AIM OF THE TASK: Of all the entries below, retype only the lines from the one with "Red upholstered classic" through the one with "Sodium Borate Decahydrate", exactly as they appear.

INFORMATION SUPPLIED:

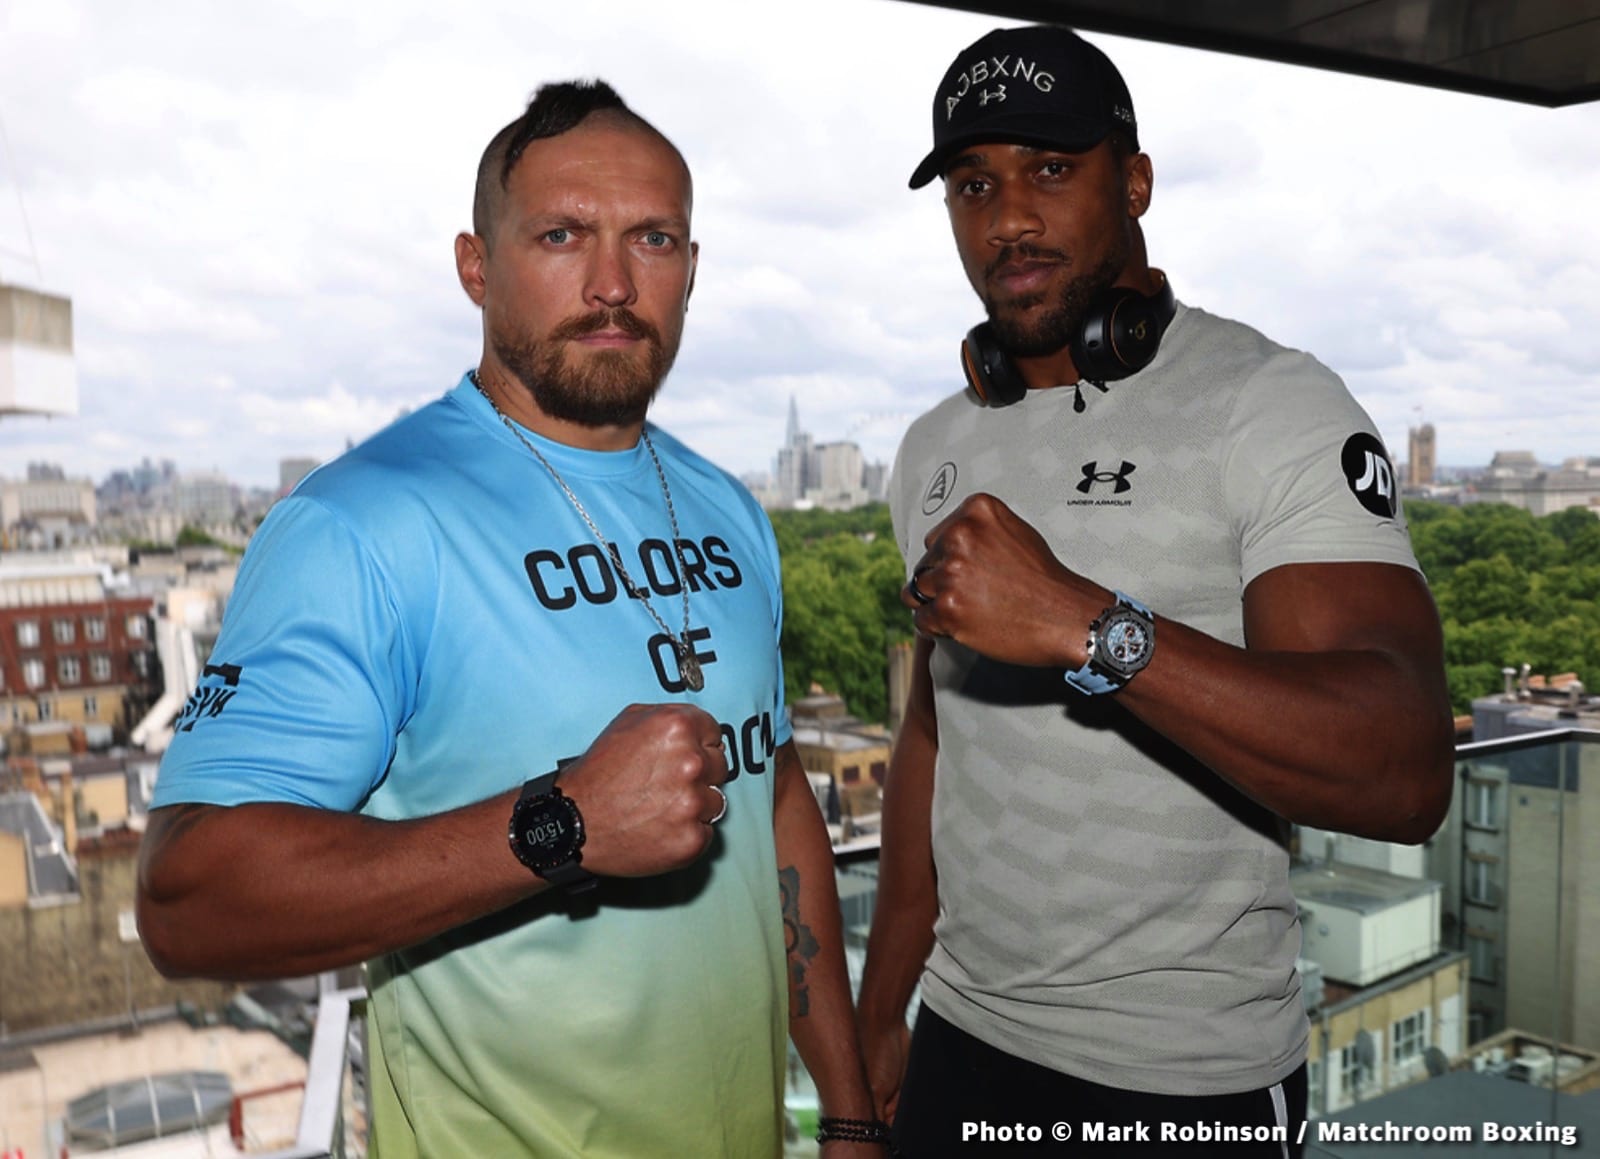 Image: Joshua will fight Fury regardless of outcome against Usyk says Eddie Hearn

* * *

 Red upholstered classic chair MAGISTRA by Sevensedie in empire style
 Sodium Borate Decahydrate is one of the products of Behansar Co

* * *

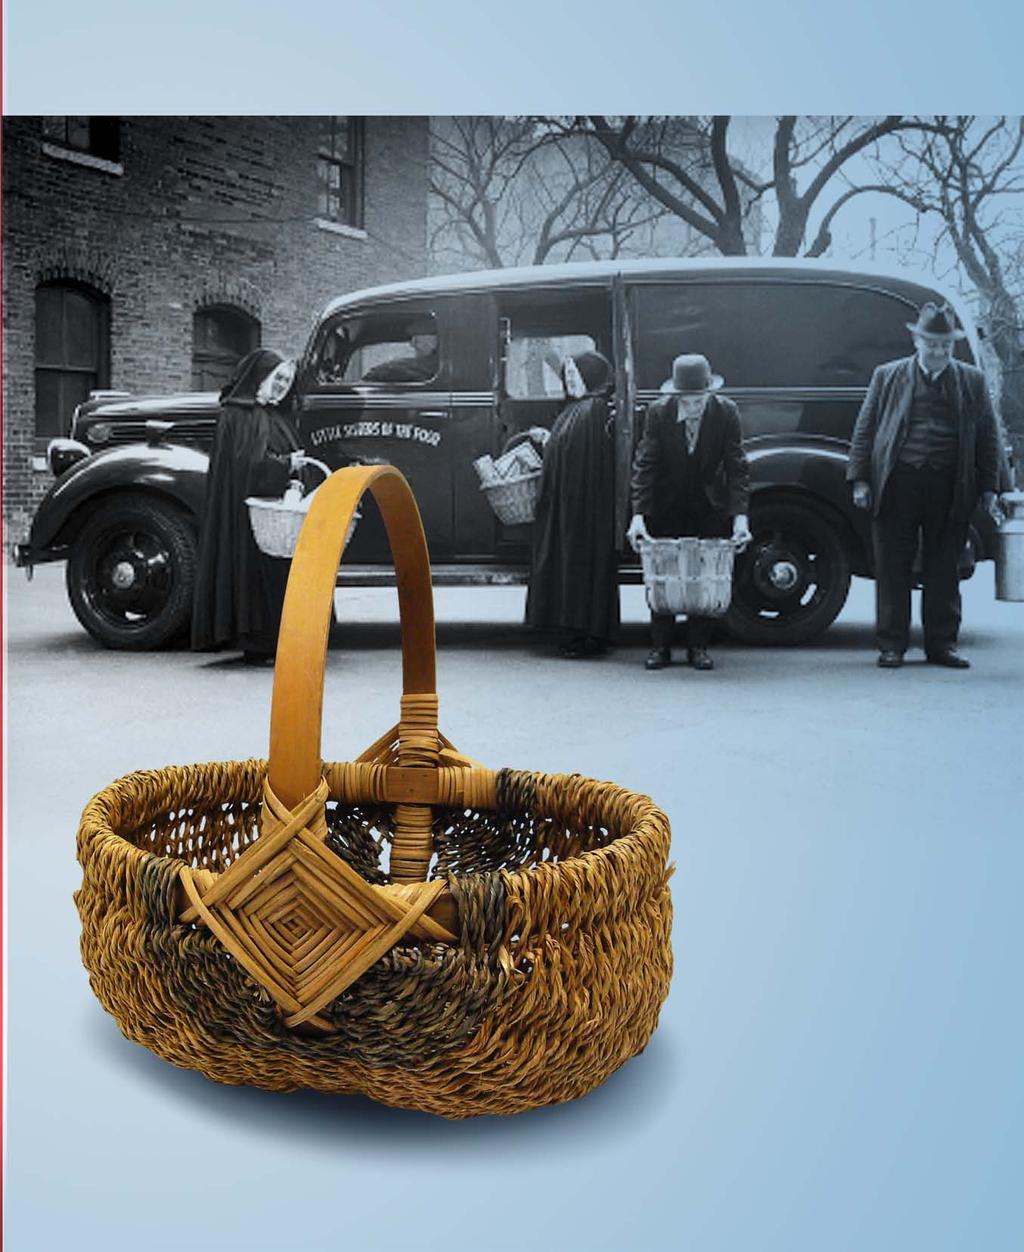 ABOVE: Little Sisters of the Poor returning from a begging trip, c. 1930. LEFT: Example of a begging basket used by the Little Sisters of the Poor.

SOLUTION FOR THIS EXERCISE:
 Red upholstered classic chair MAGISTRA by Sevensedie in empire style
 Sodium Borate Decahydrate is one of the products of Behansar Co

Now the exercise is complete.